There are two schools of thought about pink. One is that it is the color of bubble gum and Barbie. Cindy Eckert’s view is that it is the color of business. It is a dominant presence at the offices of her Raleigh, N.C., venture-capital firm, the Pink Ceiling, a fund that advertises its main goal as “to make women really f-cking rich.” It’s an even more dominant presence on Eckert, who defies people to observe the taboo on assessing anyone–especially a woman–by their clothes. She wears some hue of pink every working day, accessorized with hot pink nails, lipstick and shoes. Even her hair seems to have a fuchsia sheen. In the pharmaceutical circles in which Eckert operates, among the white coats and the navy suits, that shade of pink invites judgment. And underestimation. She is fine with that.
Through the firm’s “Pinkubator,” Eckert, 45, is helping bring to market such innovations as a flushable pregnancy test, a decal that can detect a rape drug from a drop of a drink, shelf-stable human milk products for babies and a device that helps train pelvic-floor muscles.
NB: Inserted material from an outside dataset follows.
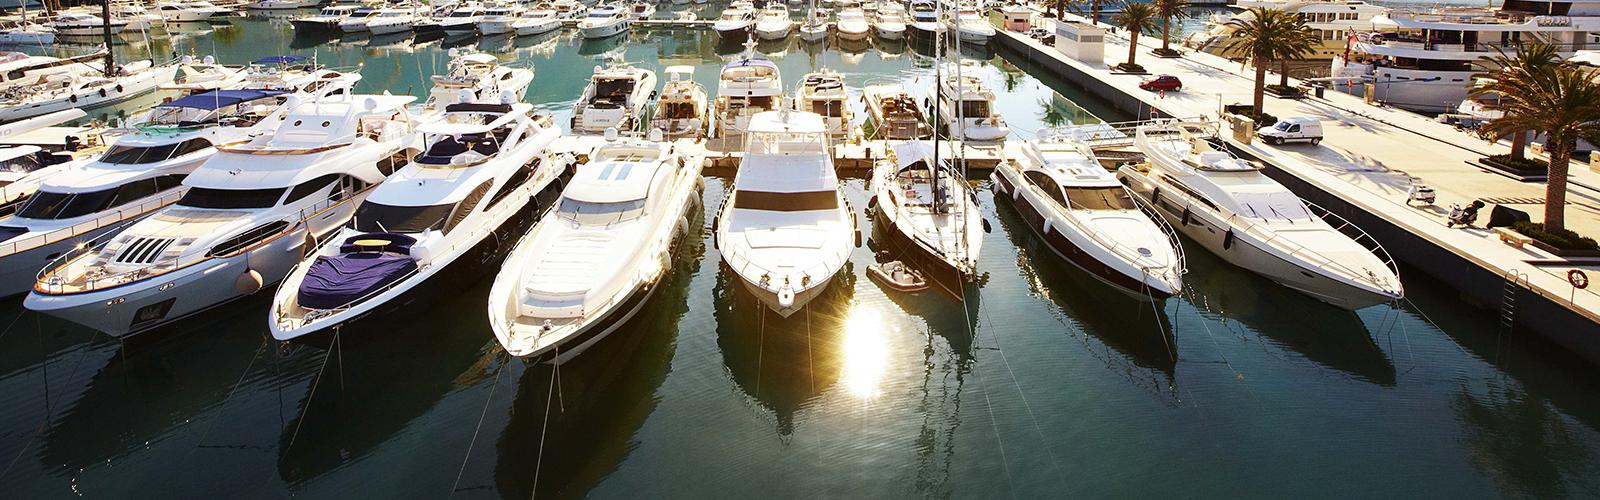 slide_yachts

These are not just products for women; they’re products that give women more autonomy and, in particular, more agency over their bodies and sexual choices. And their development is being funded by Eckert’s controversial attempt to answer one of the biggest mysteries of the human body: What is the source of female desire?
In August 2015, when she was Cindy Whitehead, Eckert got the drug Addyi, a (pink) pill engineered to rev up the sex drive of premenopausal women, approved by the Food and Drug Administration (FDA). Within a week, the pharmaceutical giant Valeant bought the drug’s owner, Sprout Pharmaceuticals, a company Eckert had started with her then husband Robert Whitehead. It paid $1 billion. Eckert, now divorced, is using her share of this windfall to try to bottle lightning again, to develop and market products that others overlook because they’re by or for women.
At least, that’s her story.
There’s another story that her critics, most of whom are women, like to tell, in which Eckert’s brand of hyperfeminized pink power is razzle-dazzle and hucksterism. They believe that flibanserin, the generic name for Addyi, which had been turned down twice by the FDA, should never have been approved. One of her critics goes so far as to compare Eckert to Elizabeth Holmes, the now disgraced head of blood-testing company Theranos.
The drug approaches sex by altering the most relevant organ. Unlike Viagra, which has physiological effects on men’s genitals, Addyi works on the brain; it was originally researched to treat depression. Flibanserin increases production of dopamine (the neurotransmitter that governs motivation and anticipation) and regulates serotonin (which governs self-consciousness and mood). Eckert points to brain scans that suggest these are the systems that are malfunctioning in women who have hypoactive sexual desire disorder (HSDD), the otherwise unexplained loss of libido that Addyi is marketed to treat.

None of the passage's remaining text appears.